§ **The problem**: Repeat every line of the data exactly; no picture belongs in the copy.

Source data section start

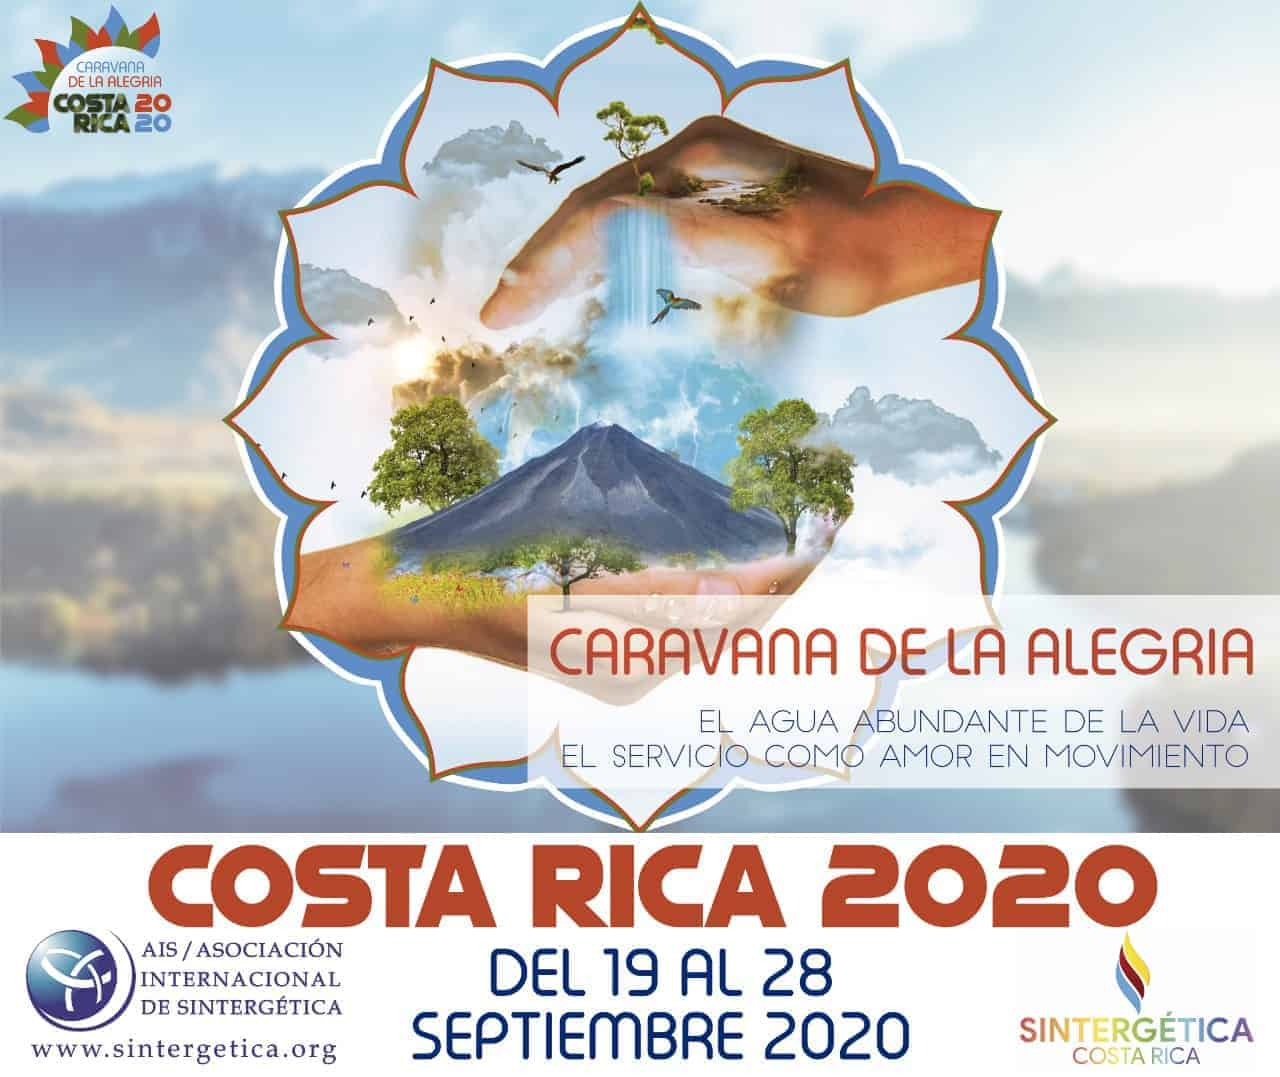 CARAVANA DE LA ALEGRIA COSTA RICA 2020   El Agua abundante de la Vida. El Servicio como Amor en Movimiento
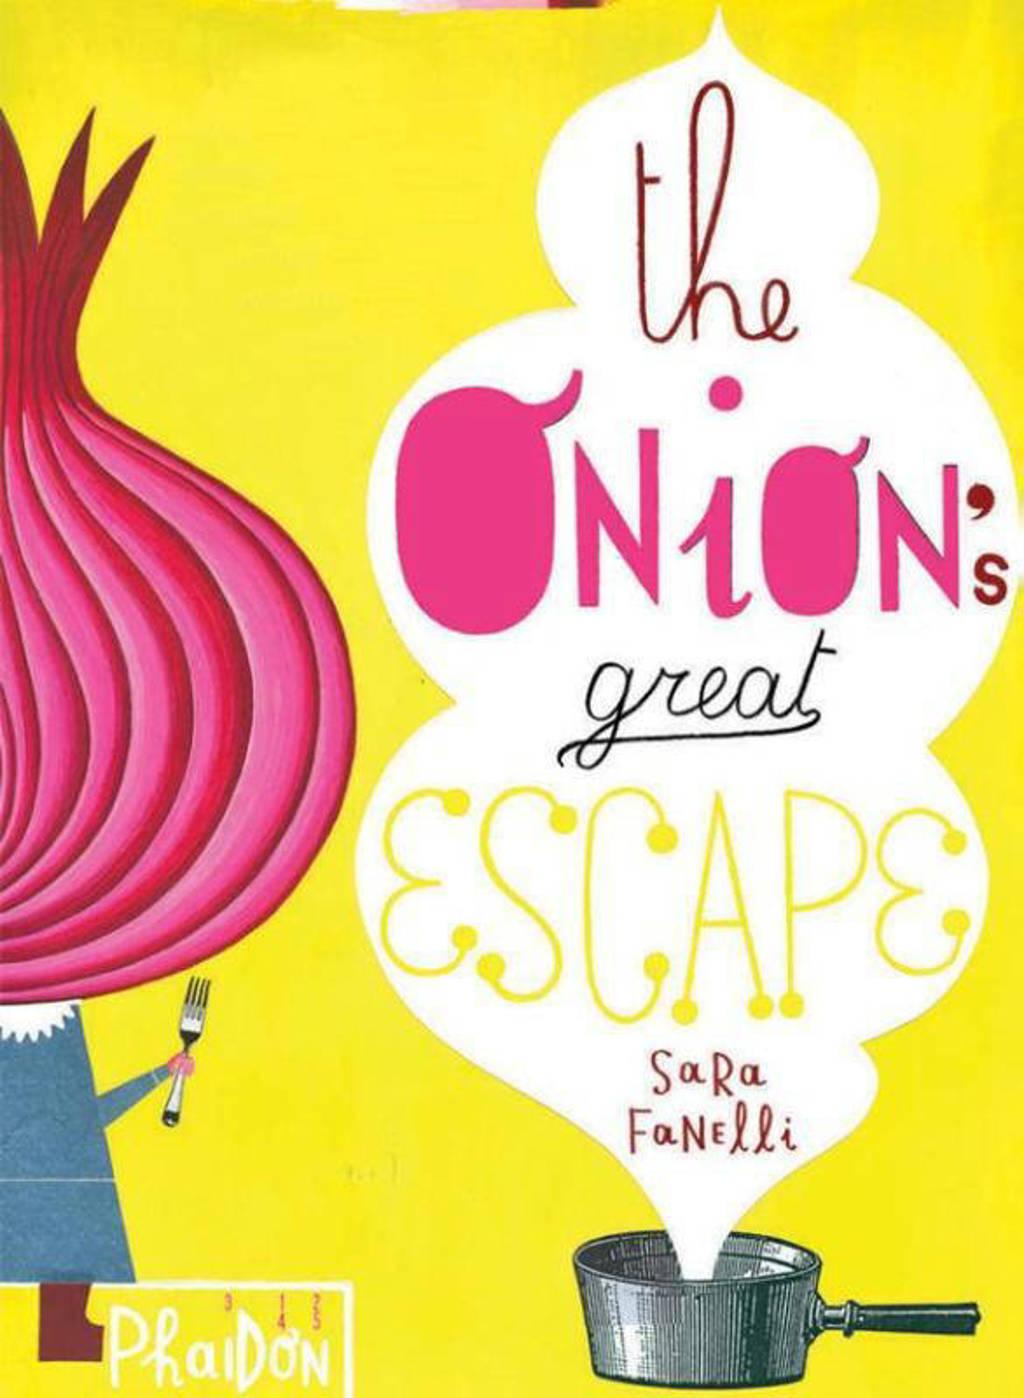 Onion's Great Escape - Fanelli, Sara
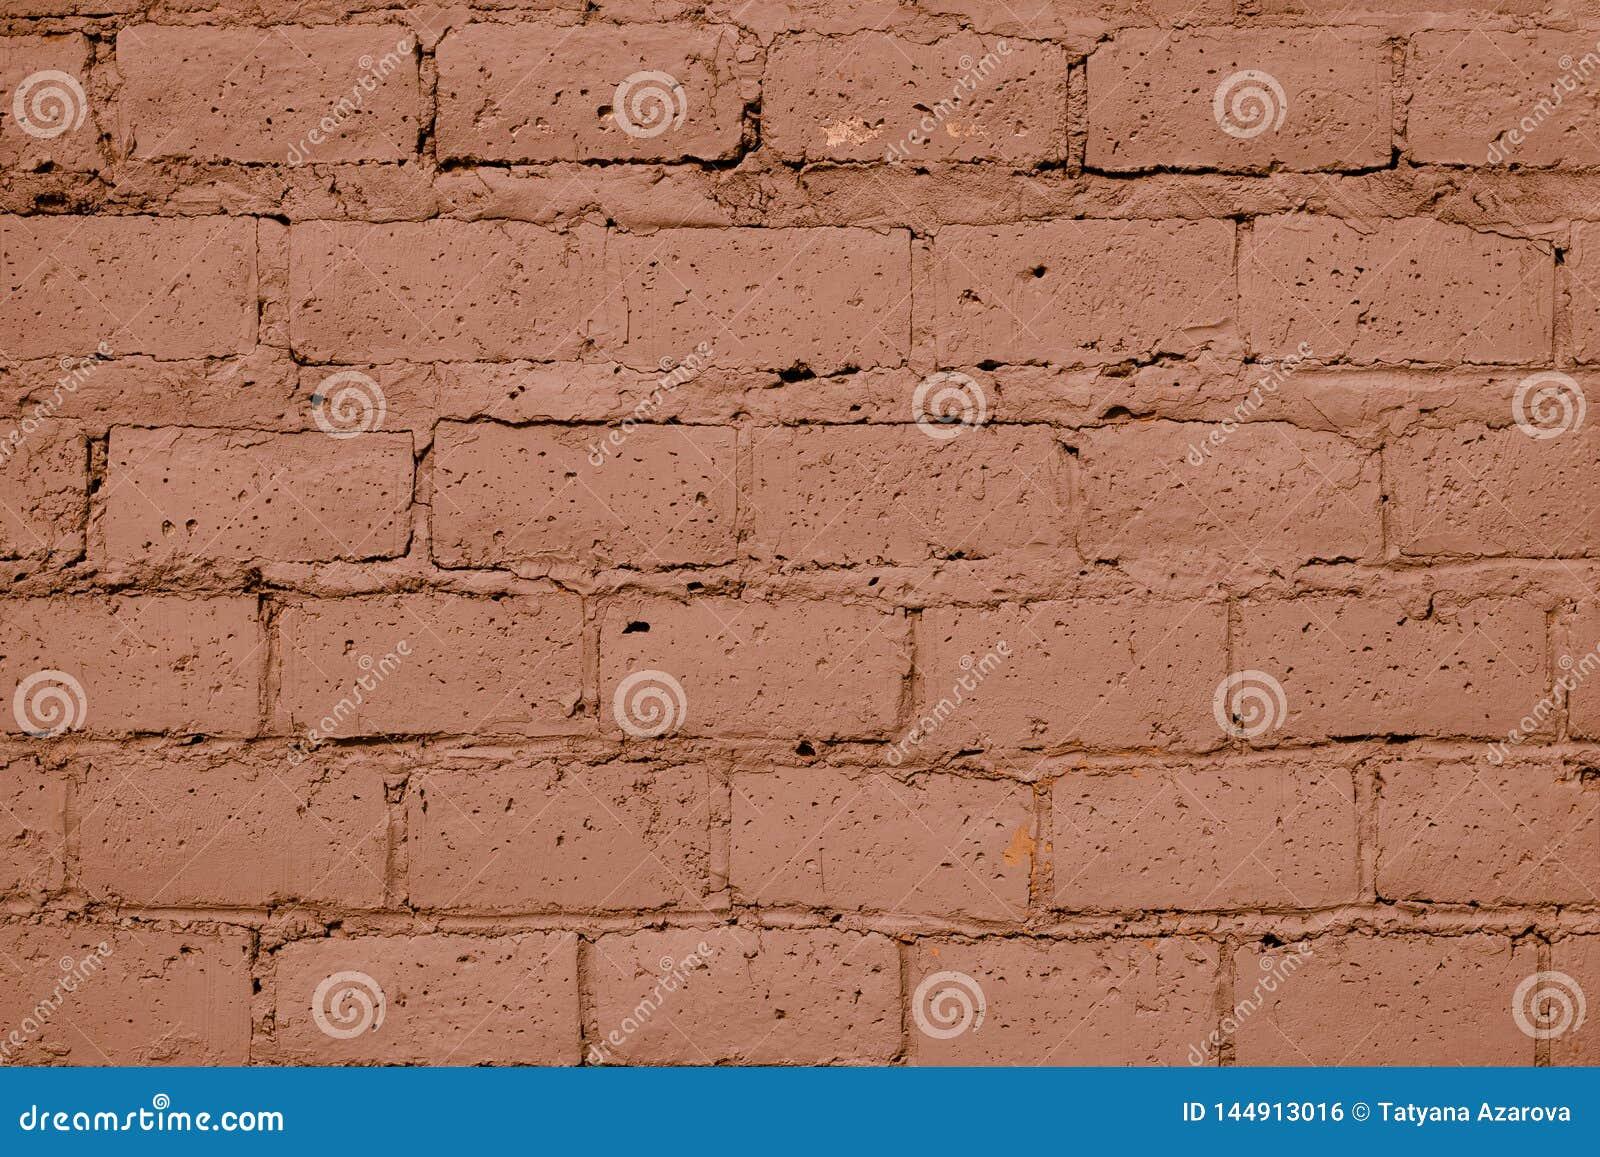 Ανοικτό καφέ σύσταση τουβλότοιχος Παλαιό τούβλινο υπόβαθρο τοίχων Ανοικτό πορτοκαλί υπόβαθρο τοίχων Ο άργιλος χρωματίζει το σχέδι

Source data section end

§ **Response box**:
 CARAVANA DE LA ALEGRIA COSTA RICA 2020   El Agua abundante de la Vida. El Servicio como Amor en Movimiento
 Onion's Great Escape - Fanelli, Sara
 Ανοικτό καφέ σύσταση τουβλότοιχος Παλαιό τούβλινο υπόβαθρο τοίχων Ανοικτό πορτοκαλί υπόβαθρο τοίχων Ο άργιλος χρωματίζει το σχέδι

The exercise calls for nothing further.